I felt well rested after a good sleep in the hotel in Lavacolla. There was a big party of Americans at breakfast who were doing the last part of the Camino in stages , being dropped off by coach and walking short stages accompanied by a Spanish guide.
It was a cool overcast morning and I quickly arrived at Monte de Gozo ( Hill of Joy ) . This is 4.5km from Santiago and is the place where pilgrims get their first views of the three spires of the Cathedral in Santiago . Tradition has it that medieval pilgrims would ” cry out in rapture ” at finally seeing their destination. Pope John Paul II visited the hill in 1989 and there is a large sculpture there that commemorates the event.
Another 50 minutes walking brought me to the archway that leads into the Plaza Del Obradoiro , the large square in front of the Cathedral’s west facade. It’s completely free of any traffic or cafes and it’s where all the pilgrims gather at the end of their journey. There’s a lot of excitement , hugging and photo taking as each new wave of pilgrims walk into the square. You are bound to see people that you have met at some point on the way so it’s a great place for catching up. I saw a few Primitivo desperadoes and asked about the Argentinian priests , who I hadn’t seen for a few days. Apparently they arrived in Santiago yesterday evening and have taken the bus to Finisterre today. I would have liked to have seen and thanked them for their part in making this walk so special but I fly home tomorrow so it’s not to be.

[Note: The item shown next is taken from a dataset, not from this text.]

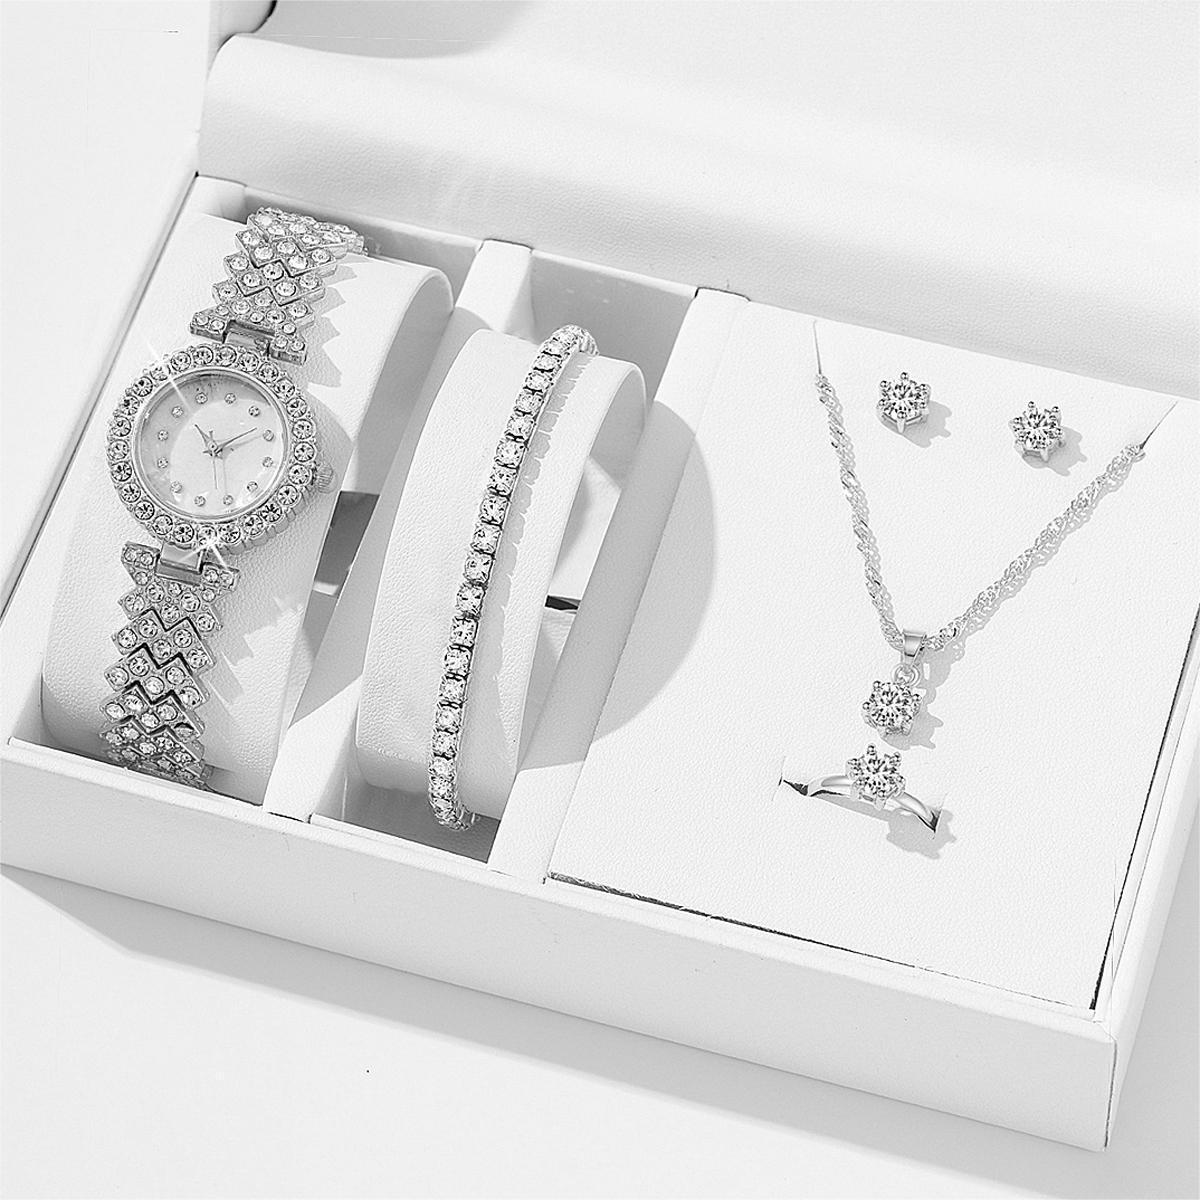 Women's Gift Set With Rhinestone Watch
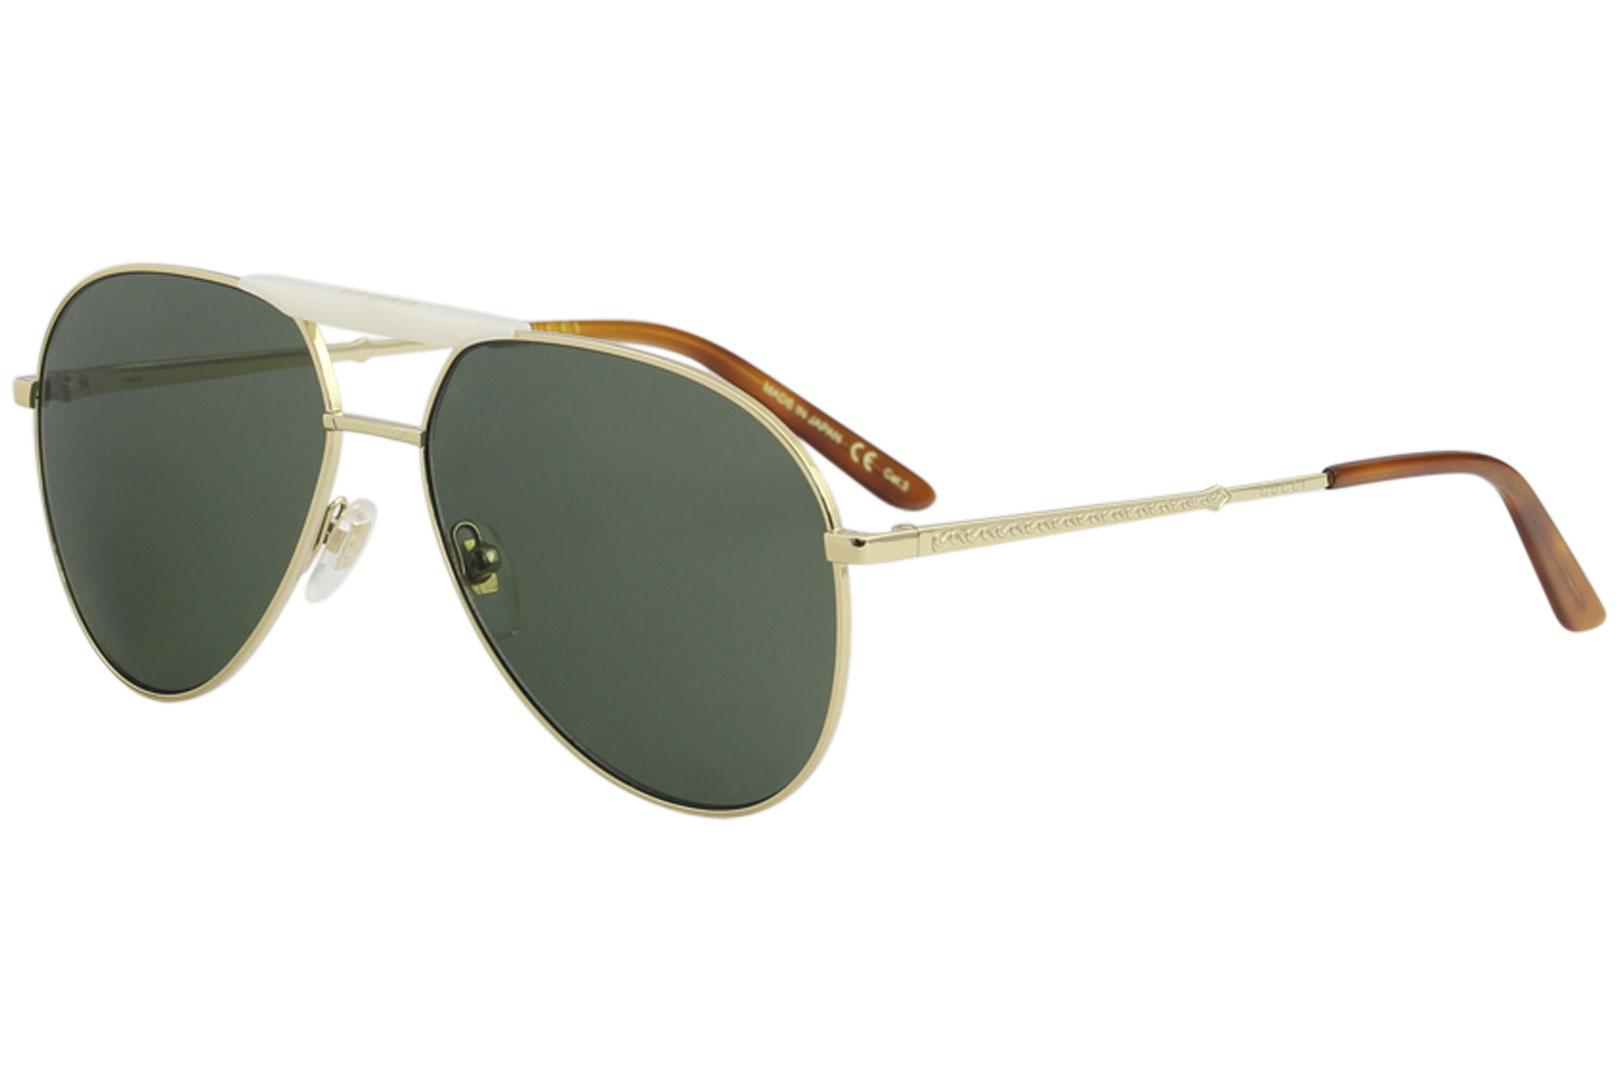 Gucci Men's GG0242S GG/0242/S Fashion Pilot Sunglasses - Gold/Green   003 - Lens 59 Bridge 15 Temple 145mm

In honour of the other pilgrimage I had made to the Carlos Tartiere Stadium in Oviedo I walked into Santiago wearing my Real Oviedo shirt. I sent a photo to Miguel Sanz at the club and later in the day he attached it to an official club tweet stating ” El Britanico de Wigan es ahora aun mas famoso en Oviedo “.
As you can see from the photos the cathedral facade and towers are undergoing restorative work as is the Portica da Gloria. The work has been ongoing since late 2013 and the scaffolding will be in place for a while longer. Another change from my experience in 2012 was the presence of security guards at each entrance to the cathedral and the fact that pilgrims are no longer allowed to bring their rucksacks inside. It’s a sad indication of how much the world has changed in the past 4 years.
I arrived in time for the Pilgrims Mass at Midday. Before the Mass began we were given strict instructions that we were not to take any photos or videos whilst the Mass was in progress , another change from my experience in 2012 but a welcome one.The cathedral was packed and the famous Botafumeiro was swung at the end of Mass. As a symbol of welcome, at the beginning of each Mass the priest reads out a list of the numbers and nationality of the pilgrims who have arrived in Santiago and have claimed their Compostela within the previous 24 hours. He also states the place from which each pilgrim began their pilgrimage. Traditionally this mass is for Pilgrims to give thanks to God for the experience of their adventure and for having reached their goal. At the end of the Mass I said a few prayers and lit some candles in one of the side chapels then departed to check in at the hotel I had booked the previous day. After spending most of the previous couple of weeks sleeping fitfully in the bunks of the Albergues I decided to treat myself and booked a room in the San Francisco Hotel Monumento , a former monastery that is now a 4 star hotel and is just 100m away from the cathedral. It was a good choice.
After a quick shower I walked over to the Pilgrims Office to collect to present my Credential and collect the Compostela. There were an awful lot of Pilgrims in the city and we had to queue for 90 minutes.
On leaving the Pilgrims Office I bumped into Julian and we arranged to meet up for dinner later that evening. As ever the restaurants in the old part of the city were crammed with pilgrims celebrating the end of their journey and we did the same , exchanging contact details and invitations to visit each other at the end of the evening.
So another hugely enjoyable Camino completed and I am already looking forward to the next one. This was a shorter but more challenging walk than the Frances , with far fewer pilgrims ( roughly 30 to 40 per leg I’d guess ) the majority of whom were Spanish speaking. I had the impression that many of the people I met along the way deliberately avoided the now very busy Frances and favoured the tranquility and beauty of this route. If you prefer solitariness on your Camino it’s certainly easier to find on the Primitivo. For my own part I enjoy the spells of walking alone and having thinking time but I also love the social side that staying in the albergues provides as that’s where a lot of the Camino memories are created. Sometimes a mix of pilgrims come together , something special happens and you take home a memory that will last a lifetime. That beautiful evening I spent in Castro was it.